2026 is the year the software industry transitions from artisan to industrial


Hmm, I hadn't seen it from this angle yet, but it makes sense...

Software and subsequently systems will become a giant black box.


That's something we have been enjoying for a while now. 20 years back or so there was the feud between the bind people and Dan Bernstein, who (among others) wrote djbdns. Bind was (and still is) one big blob doing everything and being riddled with problems. DJBDNS was (is) split into small components (UNIX philosophy) doing their one thing and being written in a way to prevent vulnerabilities. Dan Bernstein had offered USD 1000 for anyone finding a vulnerability and in all those years only one person claimed that prize.
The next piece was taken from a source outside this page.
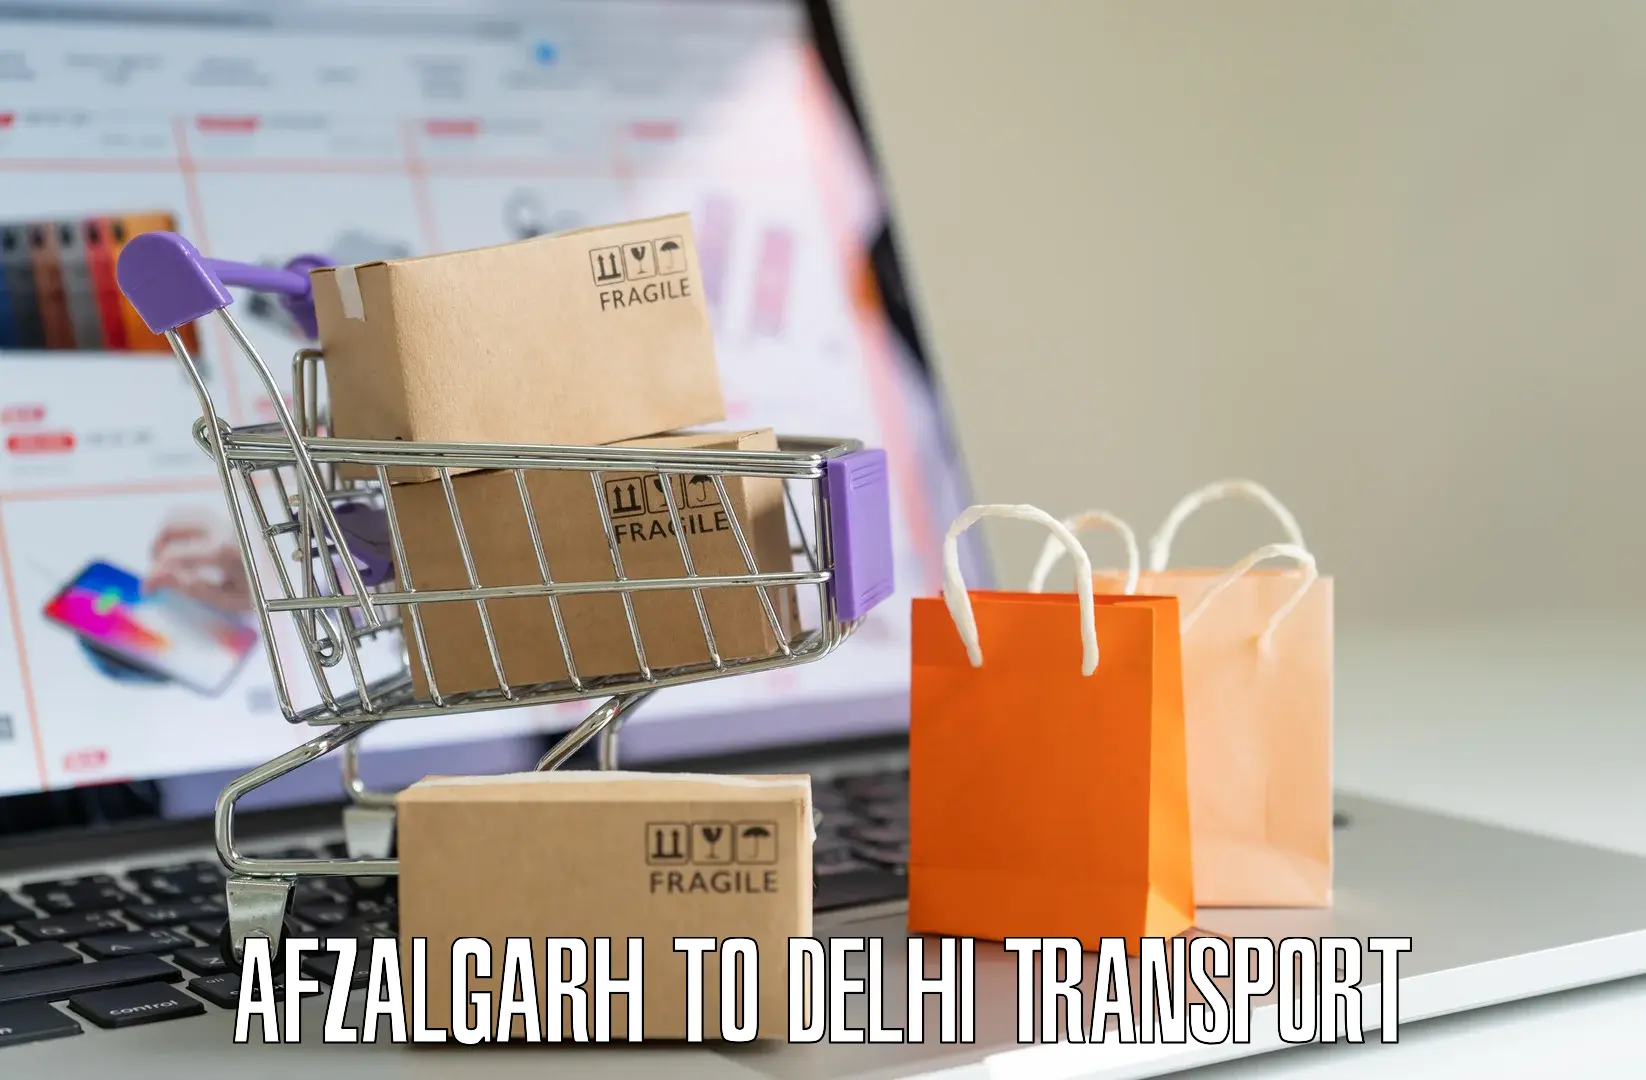 Container transportation services Afzalgarh to NCR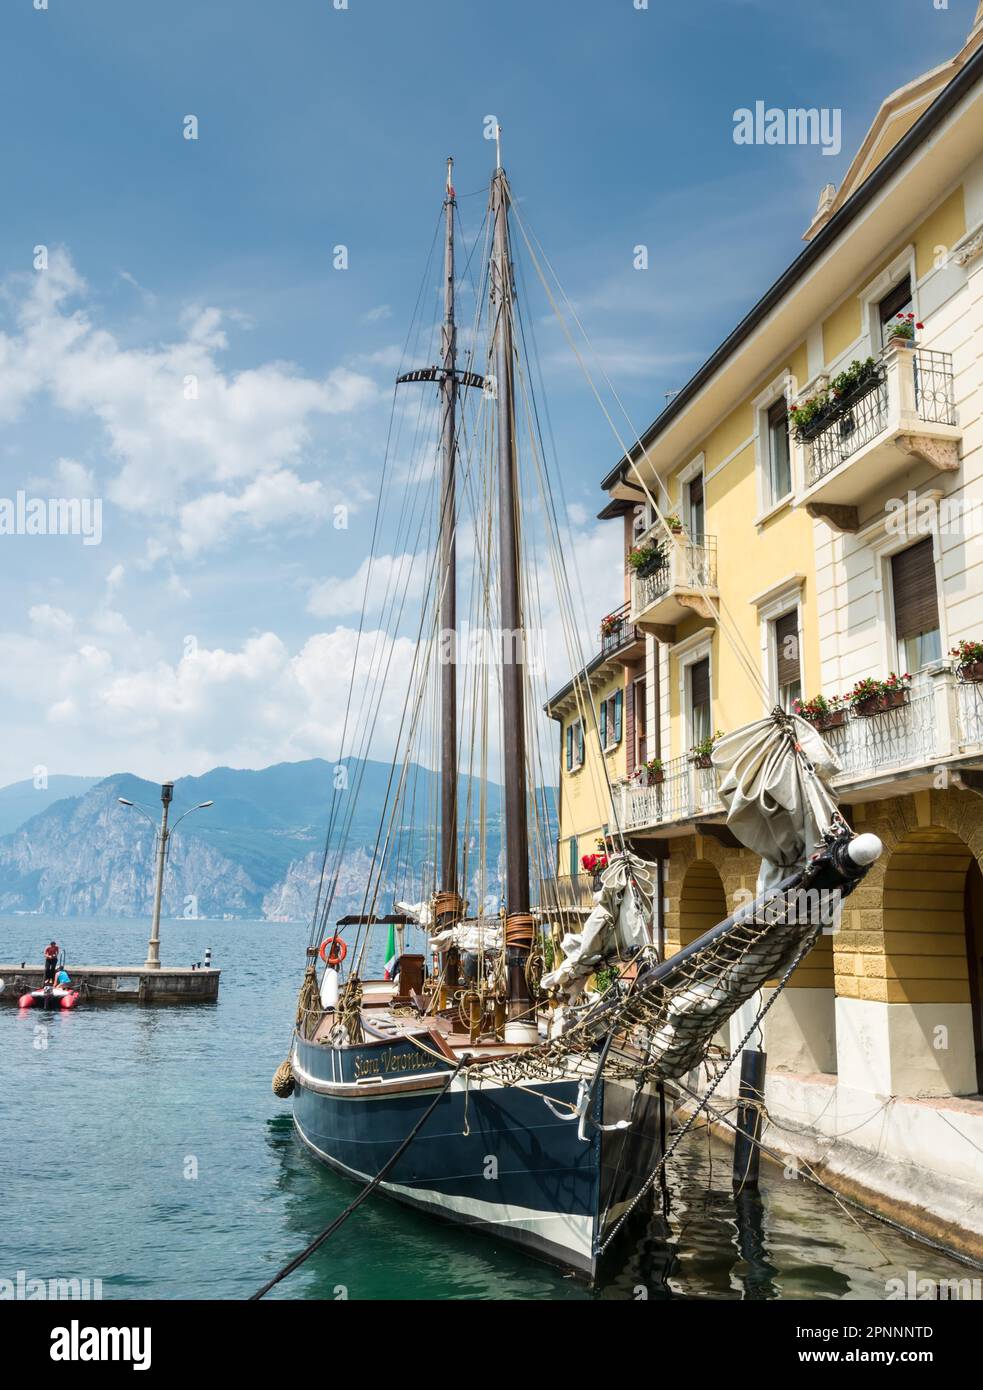 MALCESINE, ITALY - JUNE 1: Historic ship Siora Veronica at Malcesine, Italy on June 1, 2015. The sailing ship was built 1926. Foto taken from piazza Stock Photo

But software companies don't like his approach (He's also teaching.), they prefer frameworks and platforms and super duper libraries, which result in big blobs nobody really understands.

So, we're there already, have been for a while...

'Correctness'? For 25 years, I wrote software that did exactly what the spec said it should do, only to have the human who had agreed on the spec say, "Oh, hmm. That's not what I meant," and then complain about the cost of changing it.

BTW, I agree the statement "Artisan software [is] optimized for correctness" is misleading, but I don't think this is for the reasons you said Wayne.

A lot of commercial software is not artisanal software -- it's essentially industrial factory software, often without any strong core technical leadership guiding its contributors.

Artisan software seems to me to be more along the lines of programs and systems that is authored and maintained either by a single person, or a relatively small team of well integrated people lead by a strong leader who all have the time and freedom to carefully consider all of their work. Strong deeply technical leadership is key whenever there is more than one person involved. Open-source projects that start out as artisanal software usually degrade in quality and correctness if they lose their leader.

@billearth42 I'm surprised that you thought the specs were cast in concrete. It is normal for the specs to be a first cut and possibly a very good first cut, and the executing code to be proof of concept. It is normal to iterate changes as people better understand what they want. If the user knew exactly what they wanted the computer to do, they could have coded it themselves. What you're talking about is the process of throwing the specs over the wall. The better approach is a cooperative and iterative process. But all too often business management likes to isolate the spec writer from the coder.
history is very clear on what happens when a craft goes from “artisan” to “industrial”


This seems a bit over-simplified for the information age. The concept of development itself has evolved. We understand complexity a lot better now, and development has a very wide range of normal processing from hand-crafted exploratory process to complex highly specified process and everything in between.

I run a DNS server (for work) and I never even heard of djbdns. Thanks @Aladár Mézga!
I loved it when I still did such work, but rather few people use it. One reason may be documentation. Docs by DJB were rather Spartan and didn't even mention all features. Split horizon for example is possible, but it was only explained elsewhere.